一話
ー/ー
ヒューマンドール、それは命を宿された人形、さらになんでも言う事を聞くという不思議な人形。
ヒューマンドールには心がない。
最初はただの人形、動く気配すらない球体関節人形。ただ、それはある技術者の手によって人間となんら変わらない物へ変貌を遂げる。見た目は周りの人間とさほど変わらない。ただ人間と違い、【主君契約】をしなければ動かないということ。
【主君契約】とは、ヒューマンドールと人間との間に交わされる契約。契約を行うことでその人間は主人となり、ヒューマンドールを思い通りに扱える。使い方は人それぞれだ。
忠実な従業員として働かせるもよし、寂しさから恋人や夫婦として生活をするもよし、ストレス発散の為に日々暴力を振るうことも可能だ、繁殖はできないが性行為を行い欲だって満たせる。
もう一度言うが、ドールには心がない。
これは、そんな世界に生まれた一つの命の物語。
いいえ――二つの命の物語。
◻︎ ◻︎ ◻︎
《痛い……やめて……なんで僕だけが嫌がらせに耐えなきゃいけないんだ……僕が何をしたっていうの!》
彼の髪は薄黒く、少し癖がある為か時折重力に逆らい上を向いていたりする。背は高くも低くもなく、いい意味でも悪い意味でも普通ということだ。

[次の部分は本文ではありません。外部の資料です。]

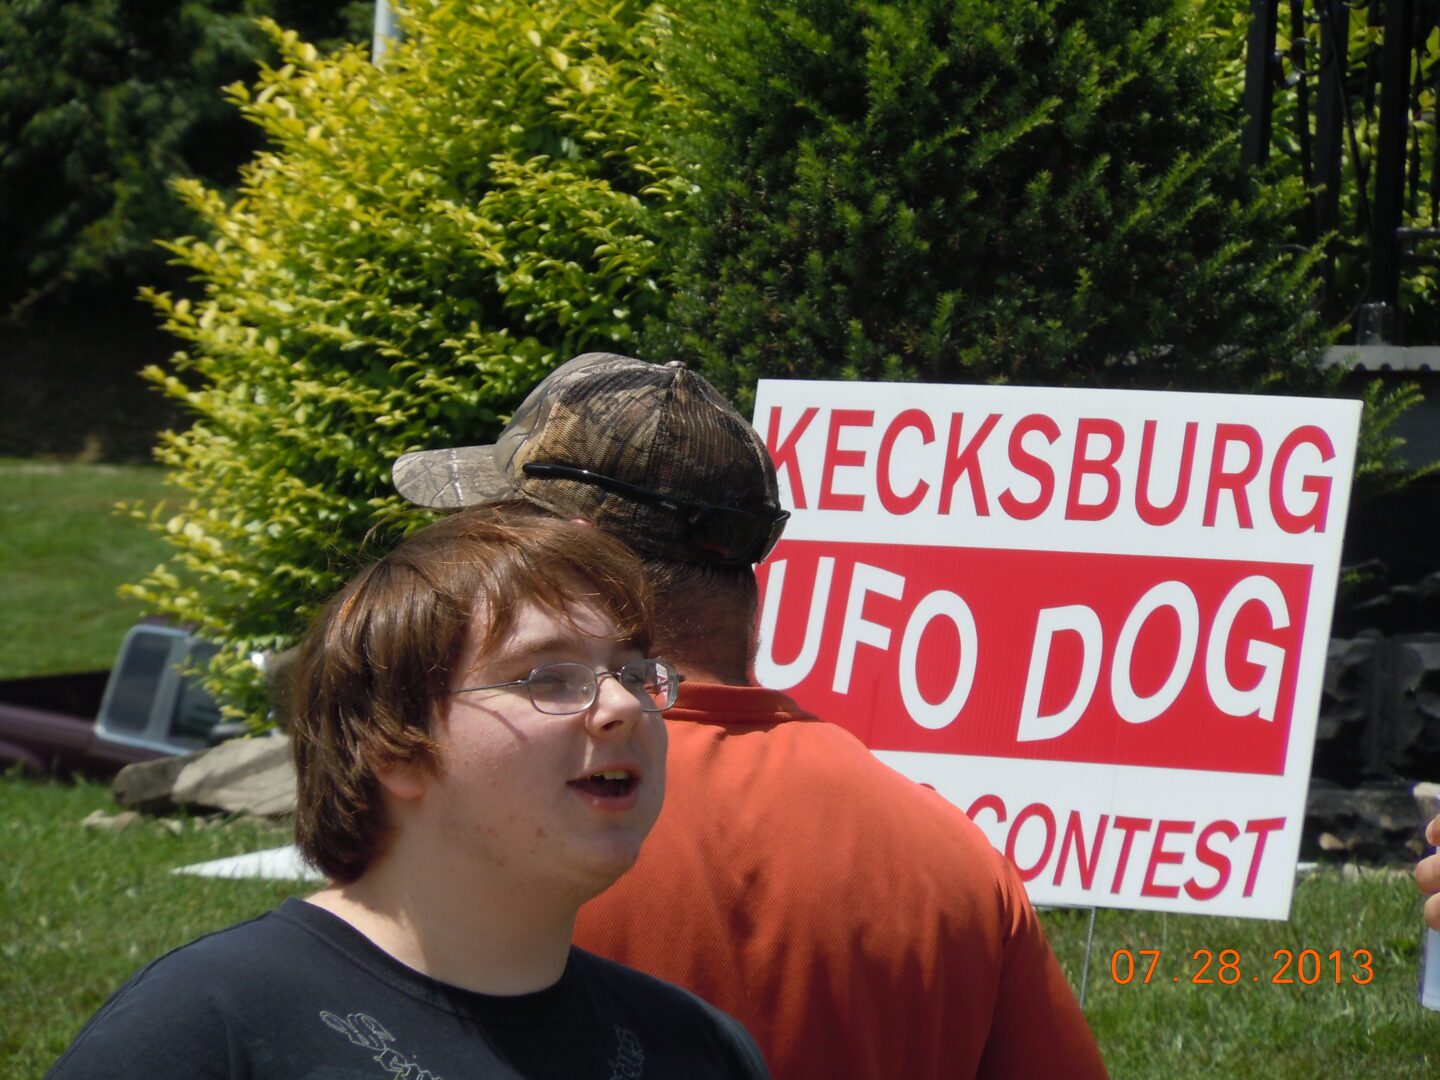 Two people standing next to a sign that says " kecksburg ufo dog contest ".

肌も白く迫力のない見た目に普段から彼はいじめの対象となっていた。服は汚れていて服の端は擦れたように荒く破れている。
暗く小さな部屋、ジメッとするような空気、部屋の中央には、今にも崩れそうなボロボロな木の机が四台あり、向かいあわせでくっつけて並べられている。当然のように椅子もボロい木でできている。
部屋には彼の同僚が四人おり、四人ともあちこち破れた服を身につけている。当然のように顔や手が黒く汚れており、髪の毛は洗っていないのか皮脂でギトギトだ、そんな連中から彼は毎日虐められ耐えている。
なぜやり返さないのか、なぜ耐えるのか、その理由は一つだ。
辞めてしまうとお金が稼げなくなる、食べ物が買えなくなる……死んでしまうからだ。何としてでも耐え抜かなければならない、という思考を巡らせば巡らせるほど精神的ストレスは大きい。
「もう……嫌だ……」
生き甲斐のない日々を送るある日、通勤中の彼は一枚のポスターに目を奪われる。
「ヒューマンドール?」
――ヒューマンドール製作所〈命の宿り木〉
僕の創る生きたドールが、あなたの心に空いた穴を埋めてくれることでしょう。信じたあなたの幸せを保証いたします。 では。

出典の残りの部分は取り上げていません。